As it prepares to mark its third anniversary of opening, the National Cyber Security Centre (NCSC) has said that defending the UK is a team effort and encouraged more businesses to work with it.
Speaking at the Virus Bulletin 2019 conference in London, director of operations at the NCSC Paul Chichester, reflected on the work done to create the NCSC, and how UK businesses needed to work alongside it.
Chichester explained that the momentum for a response center had begun when, in the 2000s, the attackers targeting the UK were looked at closer, and today “there are 20 nation state threats that we track” and while it does not track all threats and compete with commercial companies, it can “understand additional insights.”
He said that with 20 years of capability and insight to understand threats to the UK, the government funding in 2010 led to the development of the NCSC, which solved the problem of the “obvious flaws in the approach that the UK took,” in particular that there was no single point or place to go to report issues.

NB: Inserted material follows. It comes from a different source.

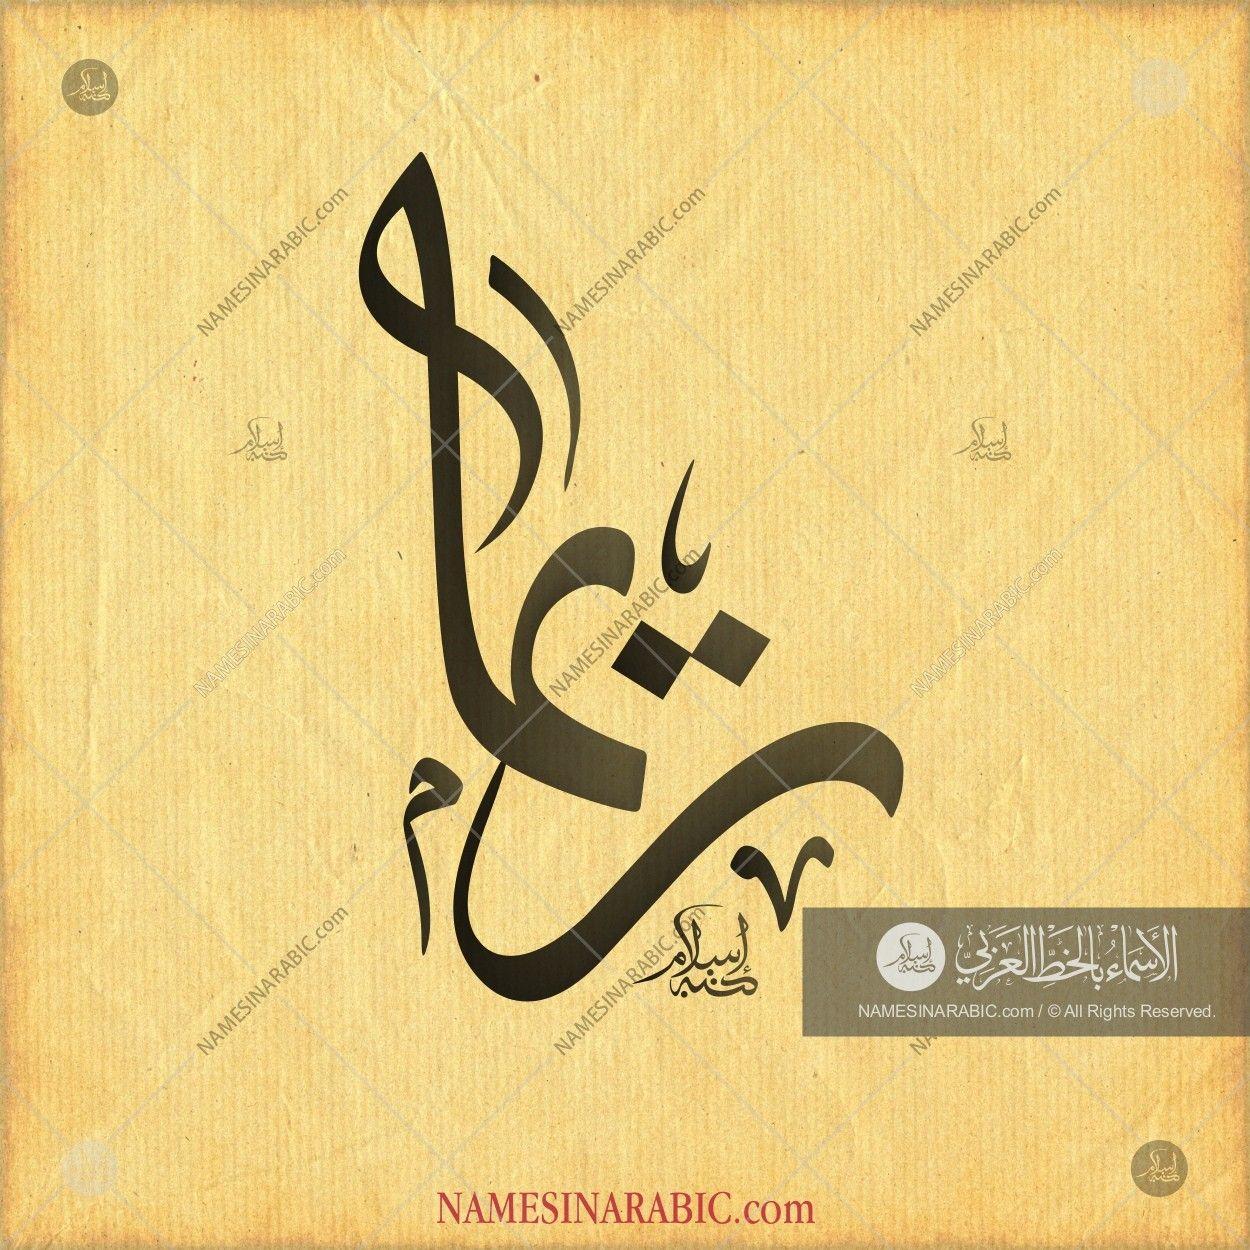 Reema ريما Names In Arabic Calligraphy Name 4519 Arabic Calligraphy Design Calligraphy Name Calligraphy

Admitting that the work of the NCSC will not stop the UK being an interest for attackers, Chichester pointed out that it is able to counter threats. “Our work in the past has been on observing threats, and our view is that it is not about counting but countering the threat,” he added.
He also said that as the NCSC is responsible for attribution, the UK government understands the context of threats and can assess threat as it pertains to the UK. “Also, we don’t respond with a red button, but by helping people, reporting to the victim and doing victim notification,” he continued, that the NCSC does “a huge amount of work in the UK and works with organizations to help them recover. Attribution is an art, not a science,” he said.
He concluded his talk by saying that the NCSC wants to collaborate more, and work with people in the industry “and for us it is a team sport and please talk to us - we care about the things you care about.”
Later speaking to Infosecurity, Chichester said that the efforts undertaken by the NCSC include doing formal attribution, and protecting the anonymity of the organizations it protects. As part of this, it feeds tactical intelligence via its CISP and partner channels, and he said that companies are often not judged by the compromise, “but how they deal with it.”
Asked if businesses are coming to the NCSC to collaborate, Chichester said they are “massively” and this is fundamental for the business. “We want people to come to us to get insight into threats at a macro level, and we want to work with organizations to help us understand what they are seeing and doing [regarding] incident response.”